Home/ Questions/Q 1057915
In Process

The Archive Base Latest Questions

Editorial Team
  • 0
Asked: 2026-05-16T17:56:42+00:00

This is sort of a two part question. I’m building a flash image viewer

  • 0

This is sort of a two part question. I’m building a flash image viewer to be a portable age-restricted module (violent video games). Basically, it will load any number of images from a CDN and require the user to enter their birthday before viewing it. Simple stuff. The problem is that, per company policy, we can’t allow those images to be directly accessible by any means of sniffing (eg, watching your Resources/Net tab in Webkit/Firebug, or watching XHR if we loaded them that way).
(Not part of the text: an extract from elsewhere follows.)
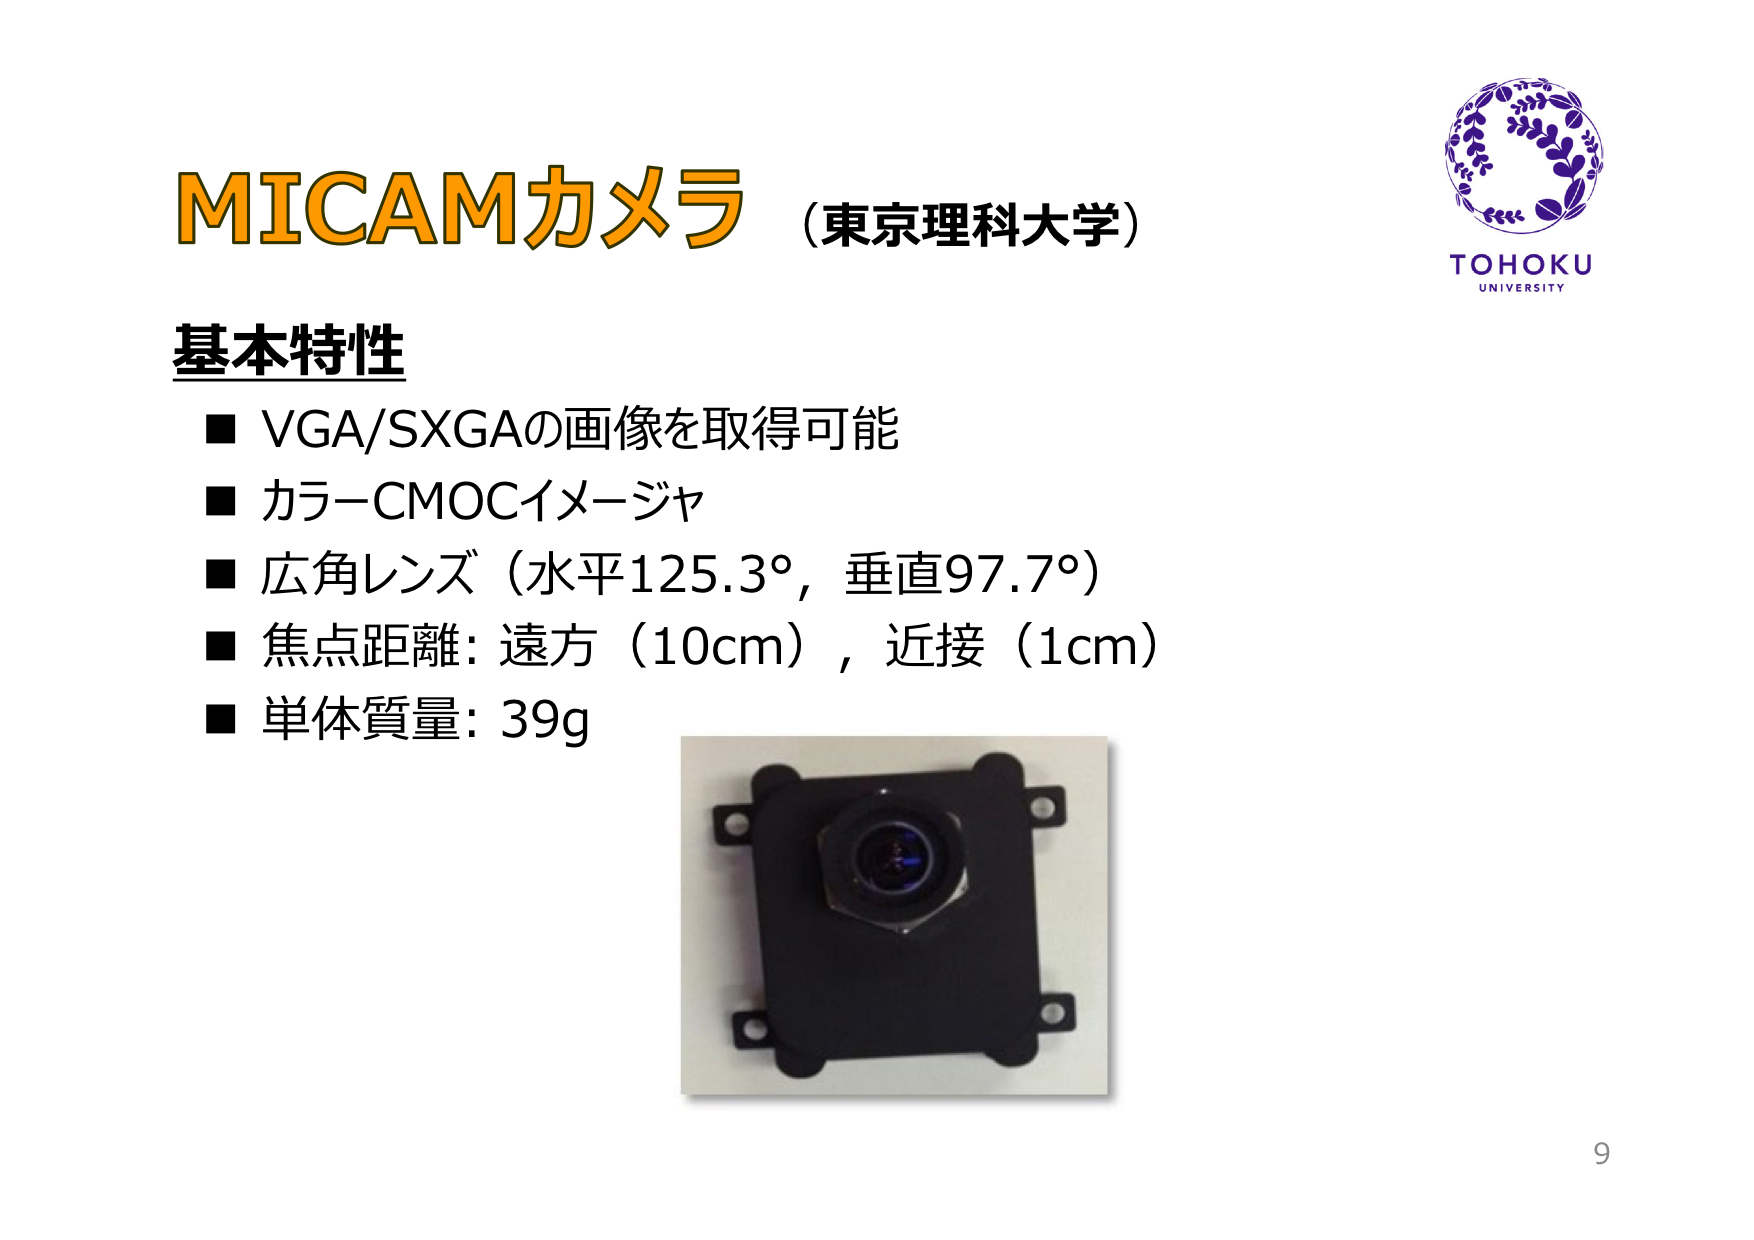 f:id:Imamura:20190924122730p:plain
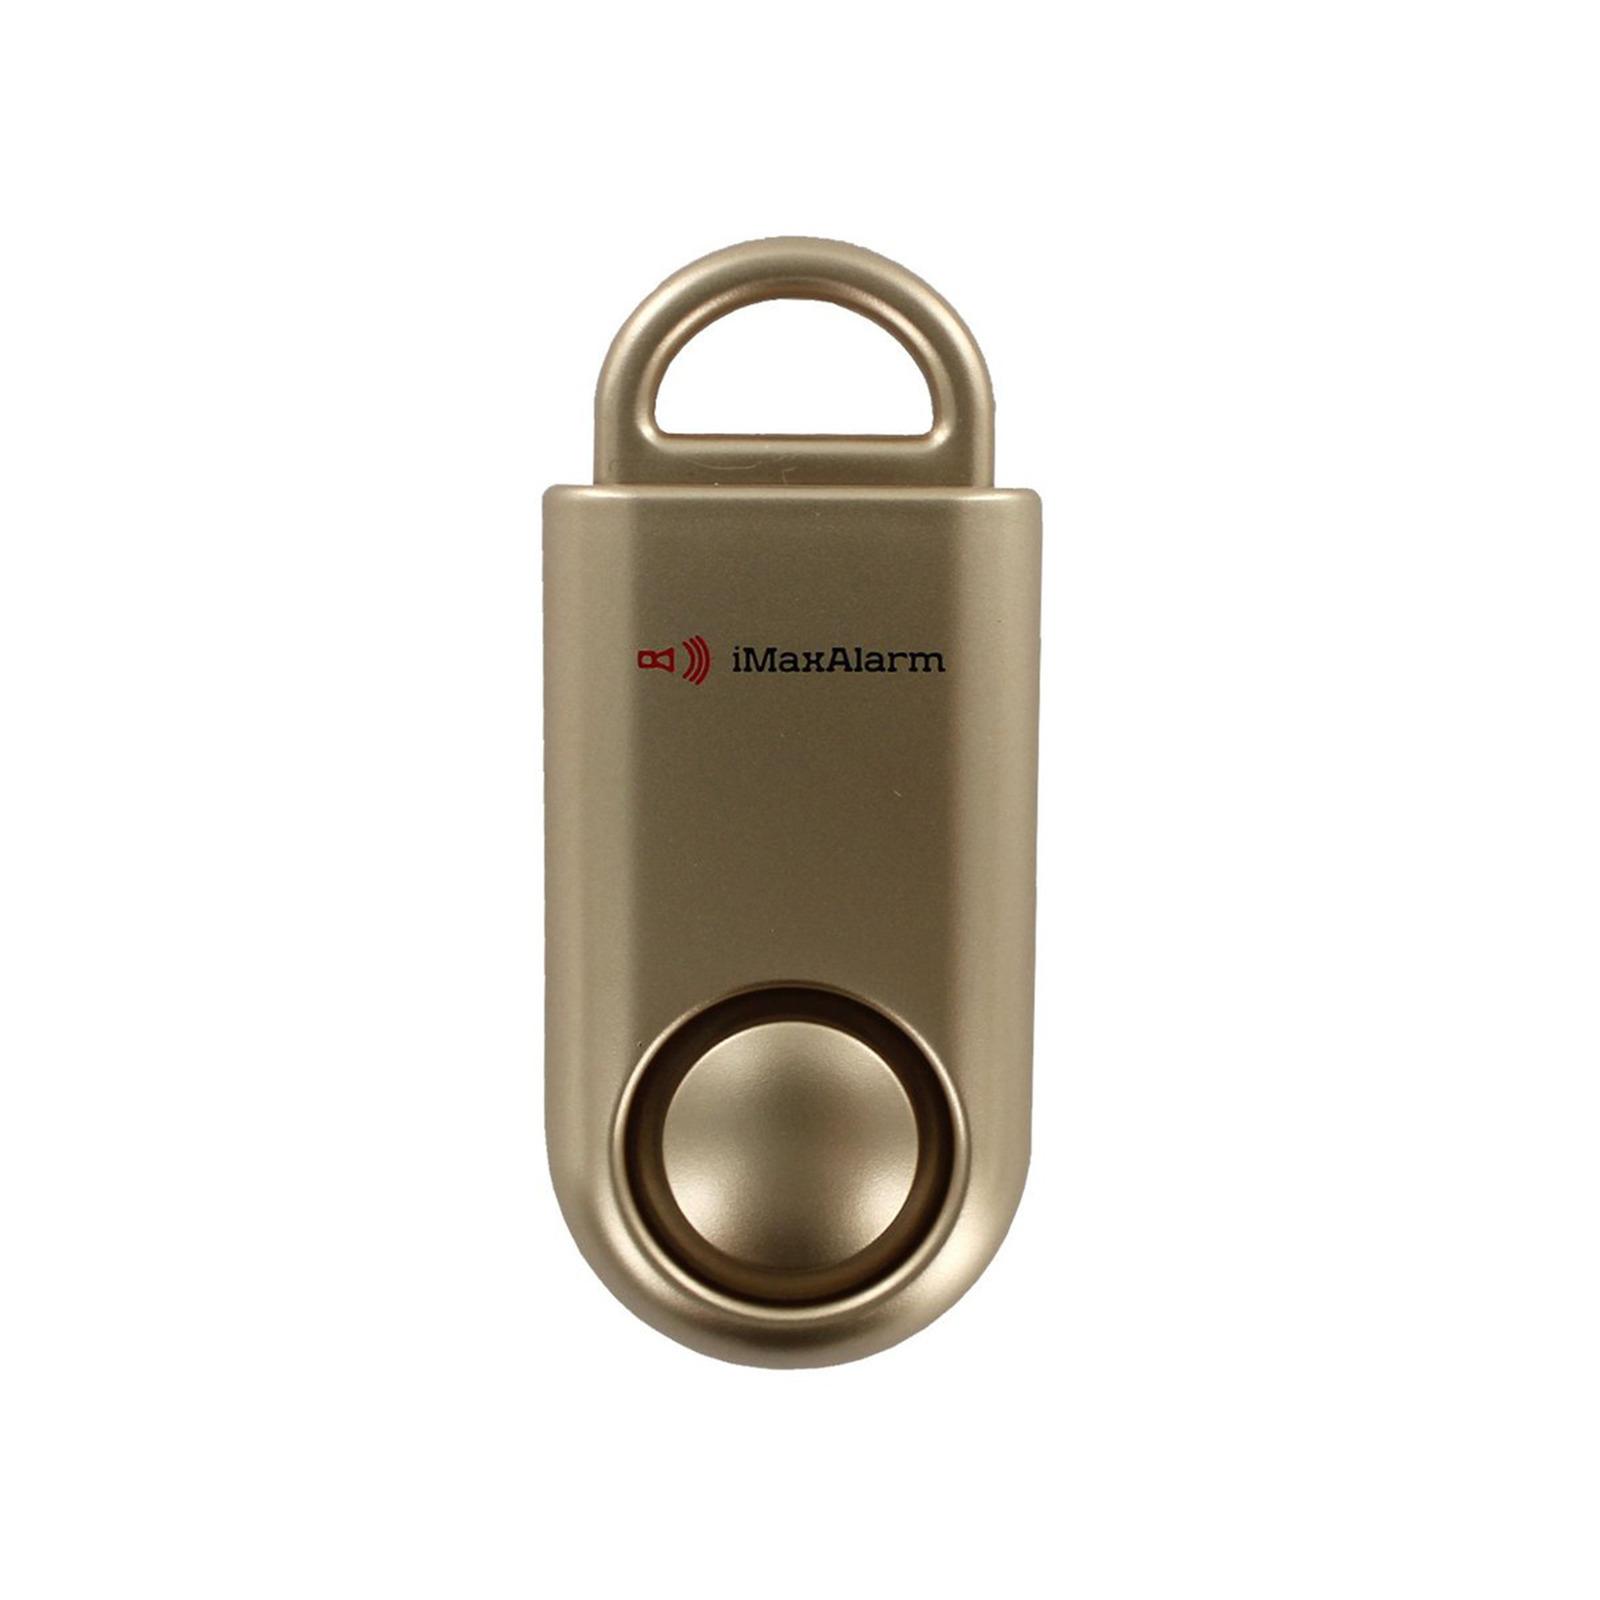 iMaxAlarm Portable SOS Alert Personal Security Alarm (Gold)

So, I’d like to get your opinions about the best way to approach this.

At first I thought to have a server-side script that loads the image (eg via PHP) by passing a var that can be decrypted but with a dynamic salt, eg, using a method that is very unlikely to be discovered (for example, having the salt be embedded throughout the string), but that defeats the purpose of the CDN as all requests would be geolocated to the server.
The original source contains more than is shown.